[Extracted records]
*-*-*
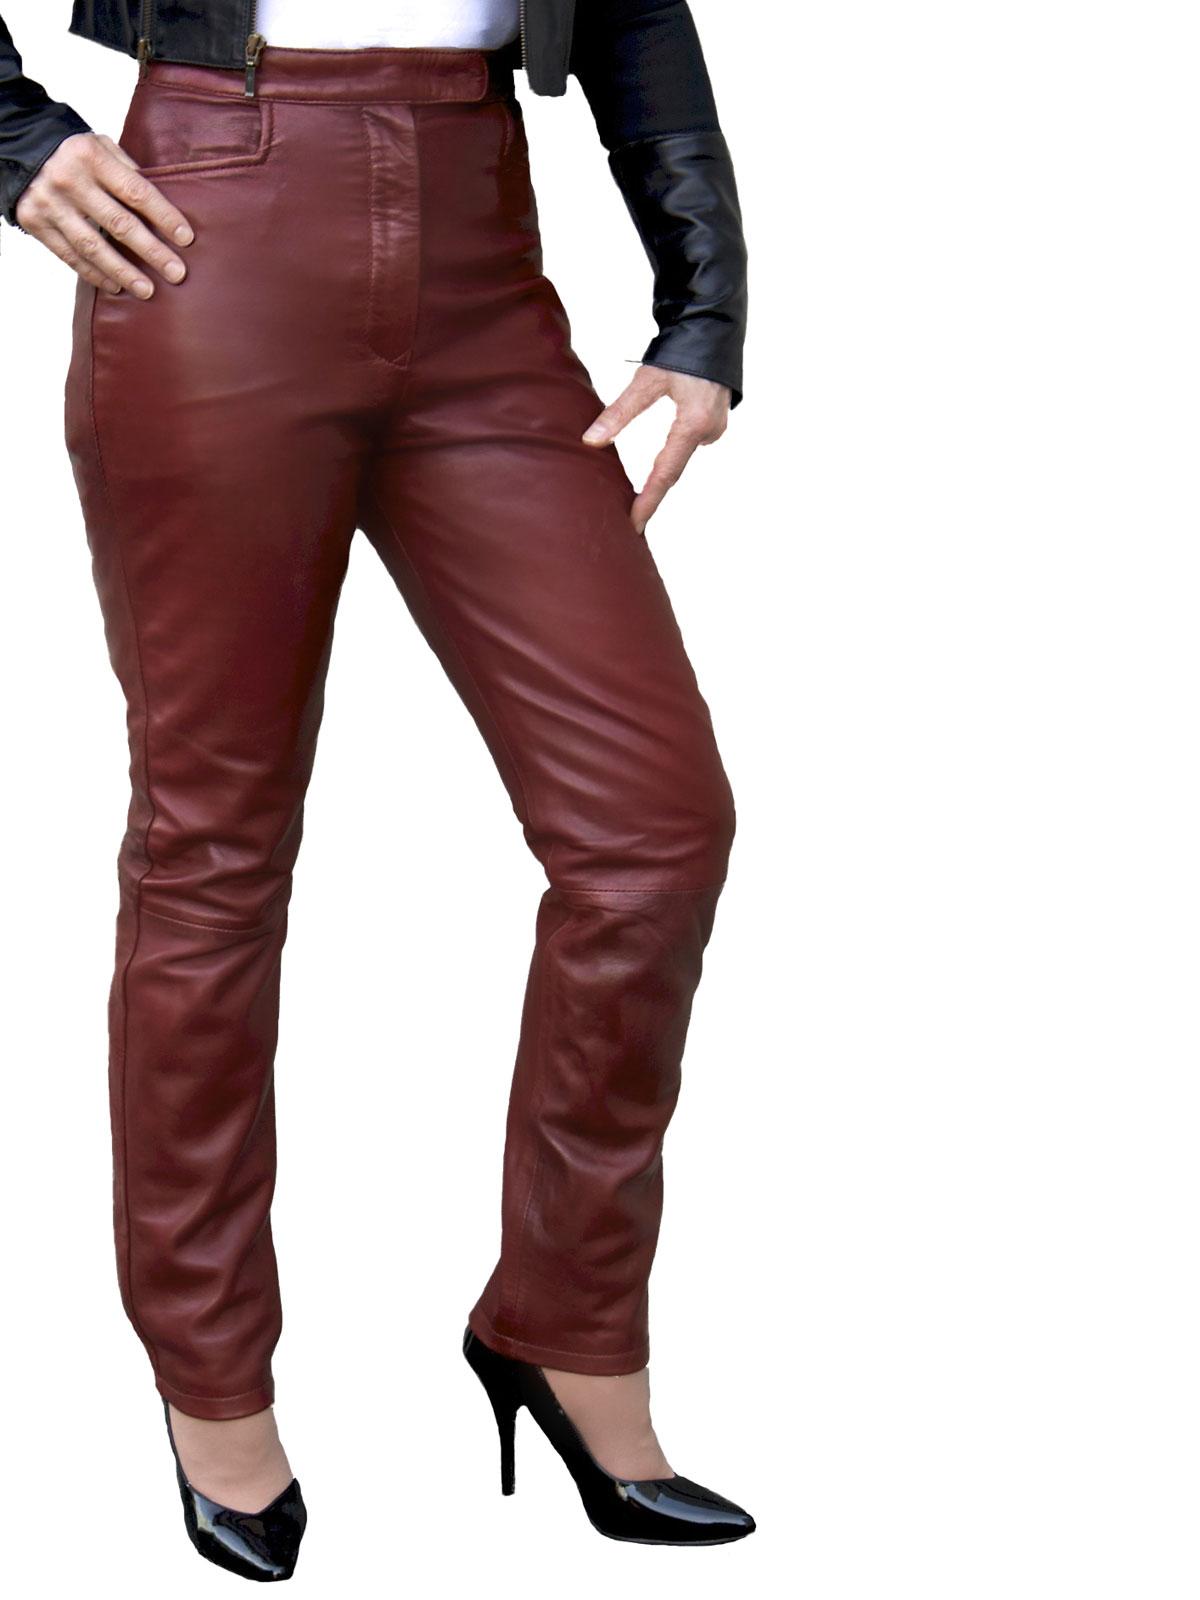 Ladies Burgundy Luxury Leather Trousers
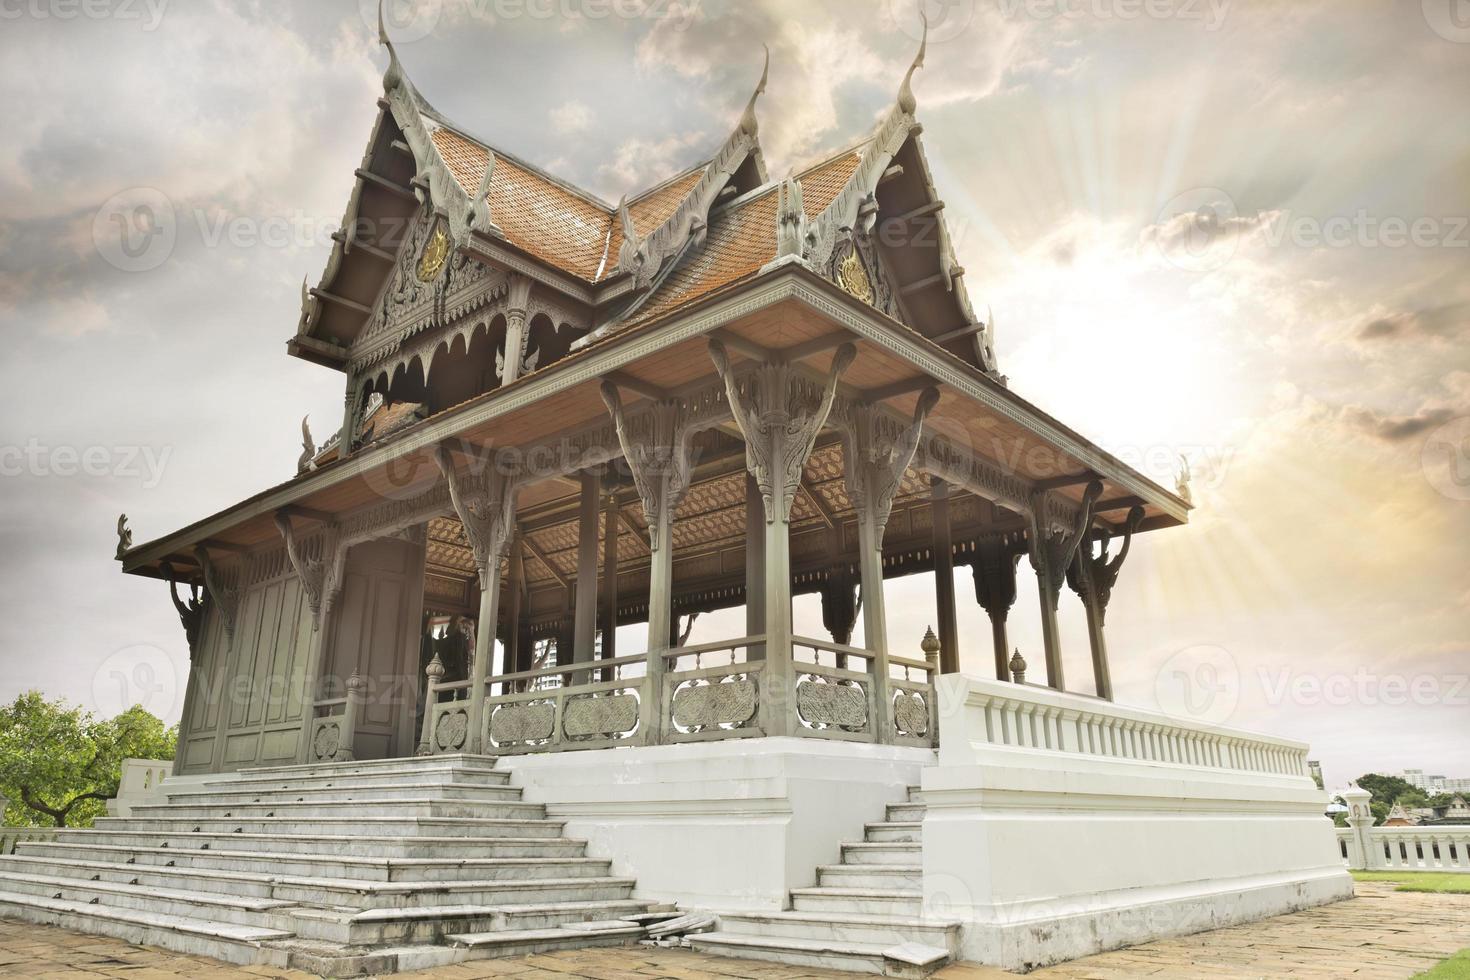 antigo palácio real tailandês no jardim foto
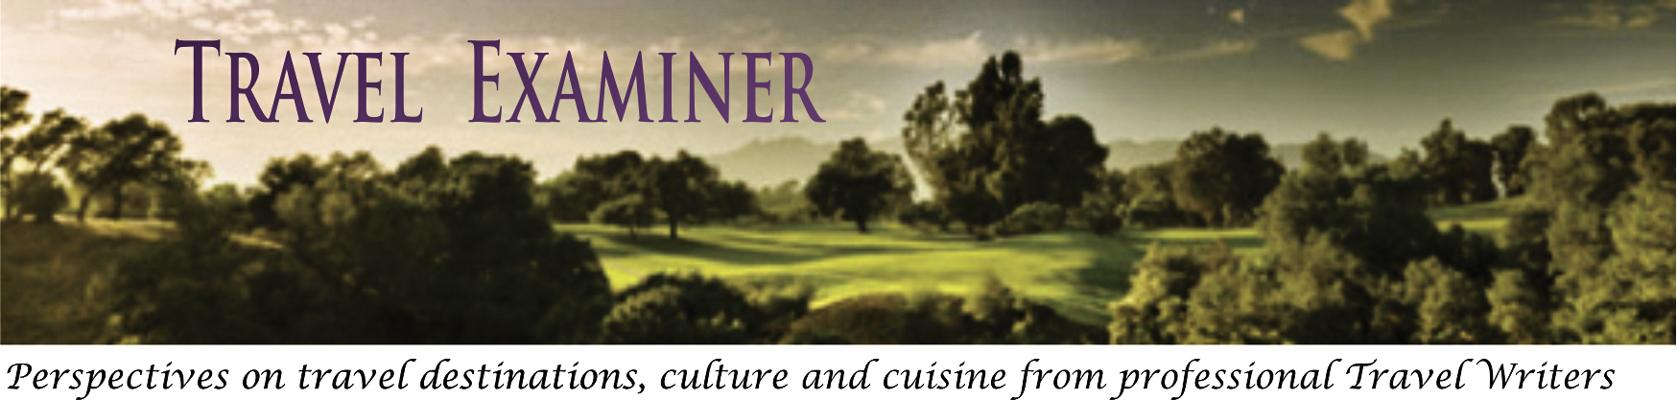 Travel Examiner
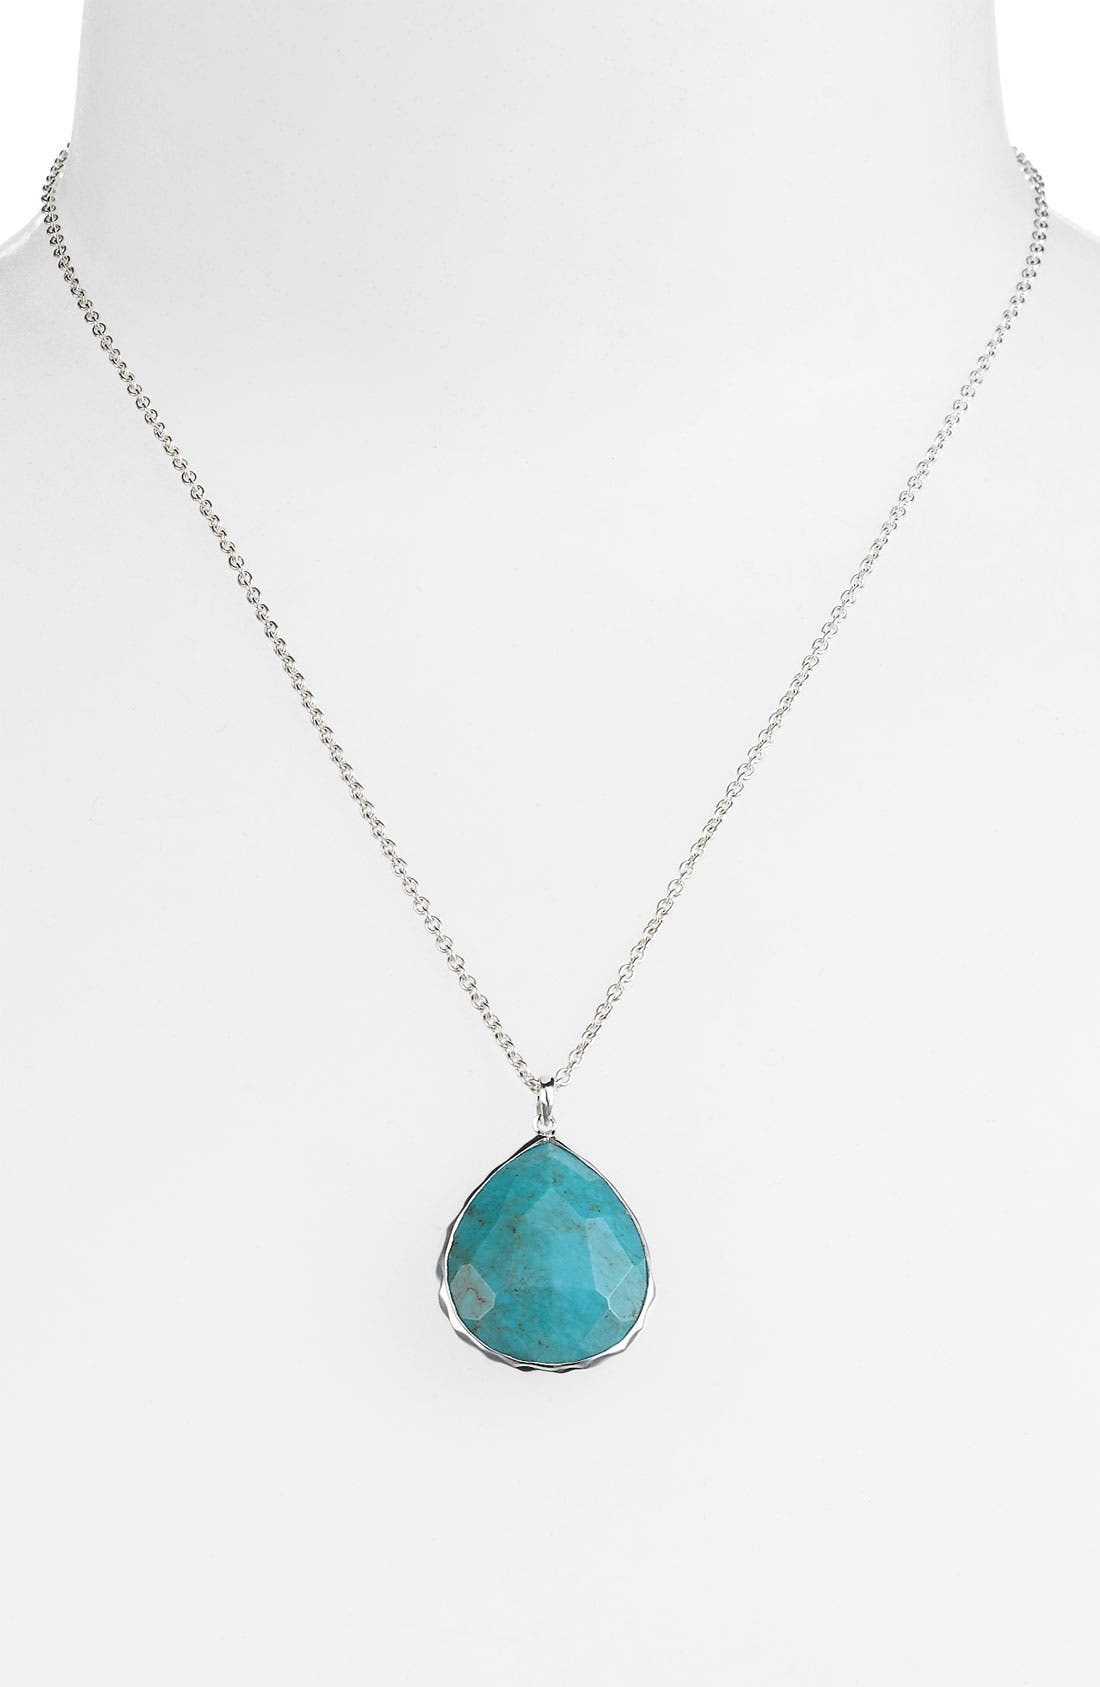 Main Image - Ippolita 'Rock Candy' Large Teardrop Pendant Necklace
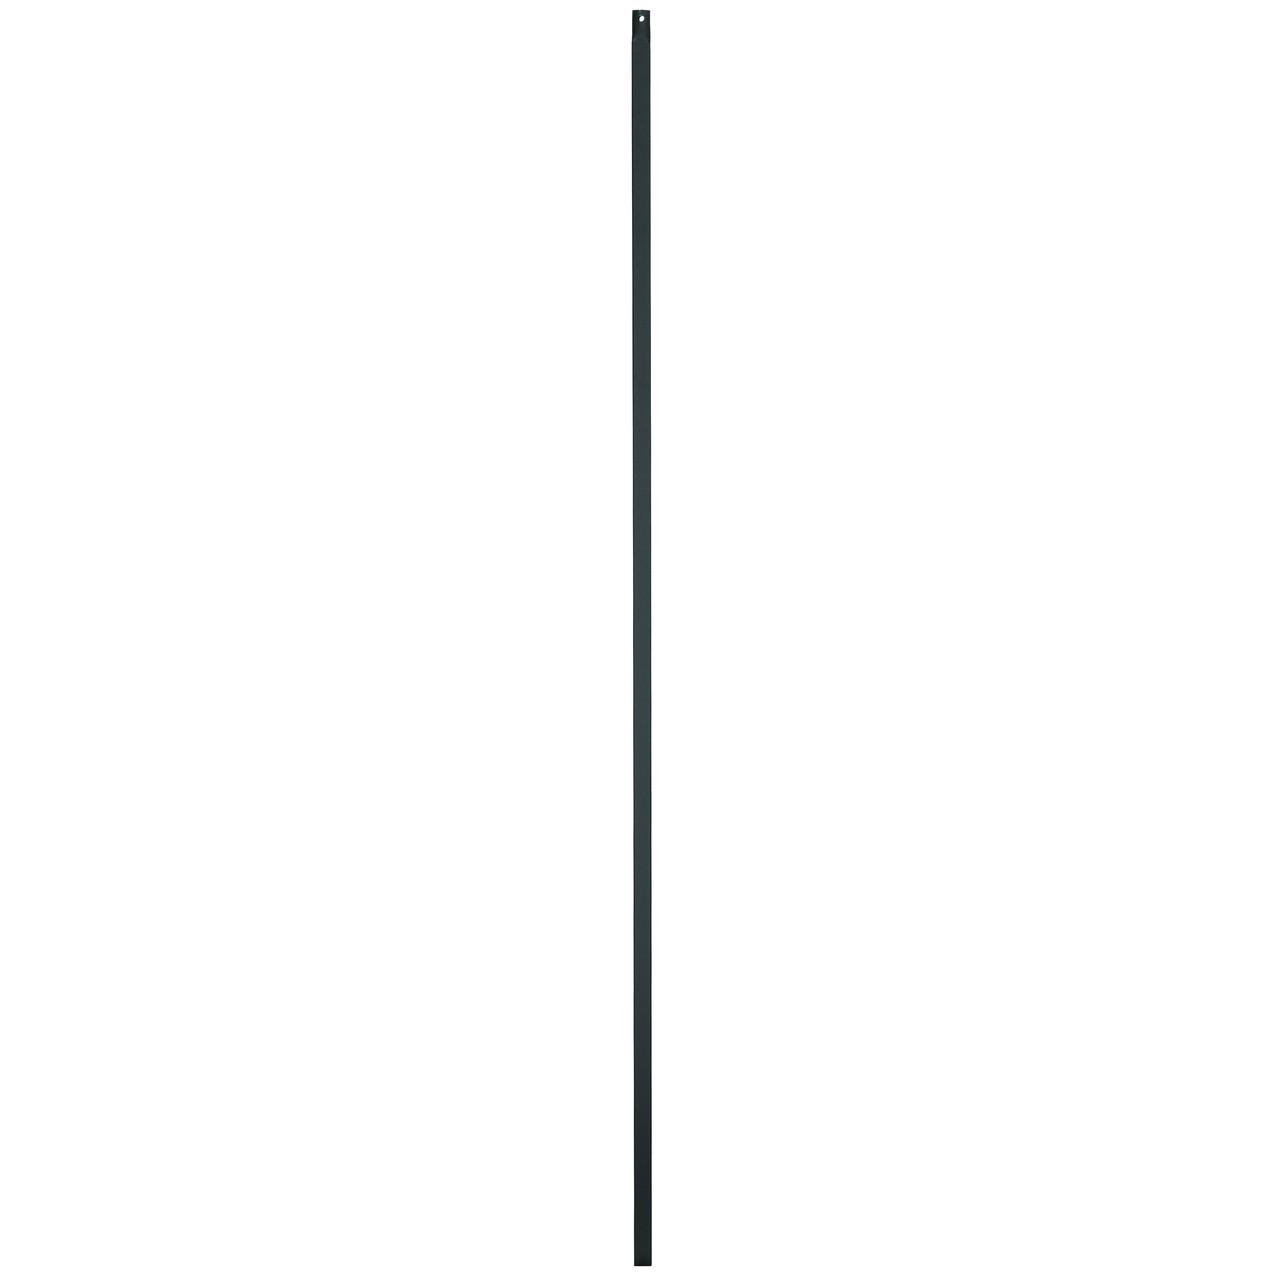 2G01 16mm Plain Bar, Tubular Steel
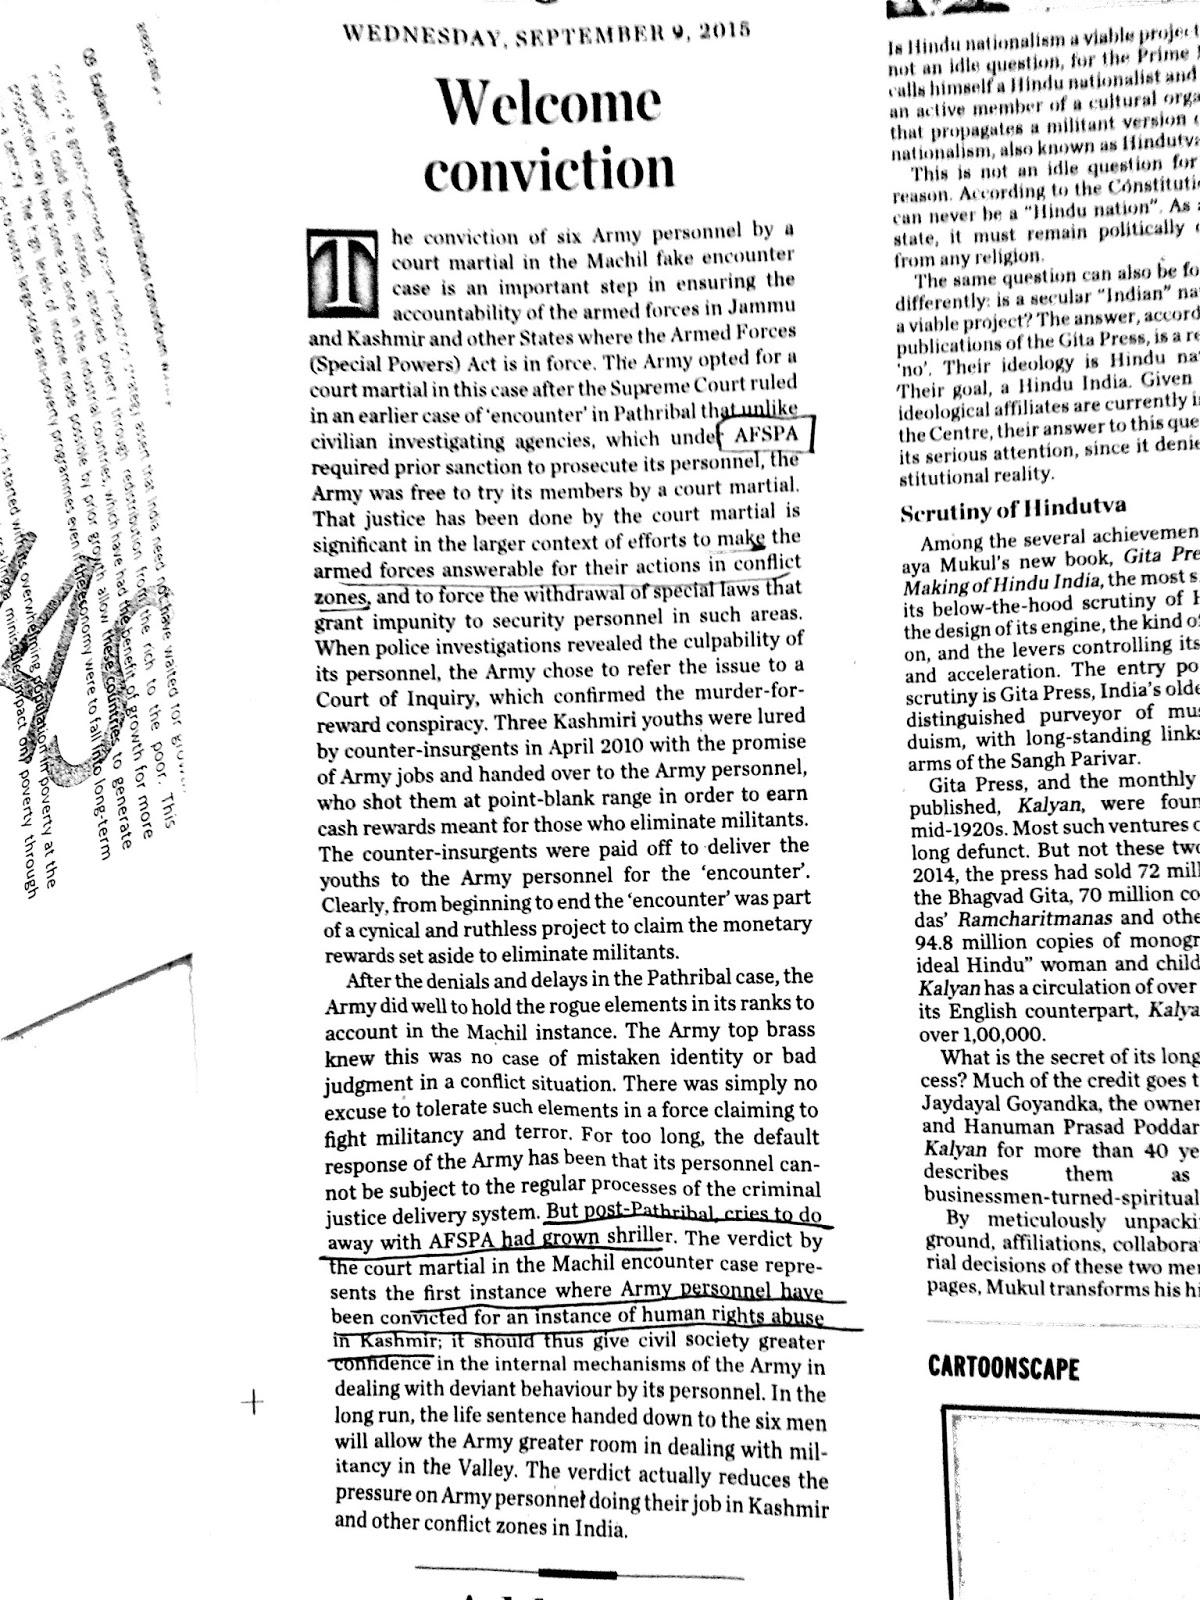 how to read newspaper for ias exam
*-*-*
Required work:
Every line of the data above is to be set down word for word, with the pictures left out.

Exercise answer:
 Ladies Burgundy Luxury Leather Trousers
 antigo palácio real tailandês no jardim foto
 Travel Examiner
 Main Image - Ippolita 'Rock Candy' Large Teardrop Pendant Necklace
 2G01 16mm Plain Bar, Tubular Steel
 how to read newspaper for ias exam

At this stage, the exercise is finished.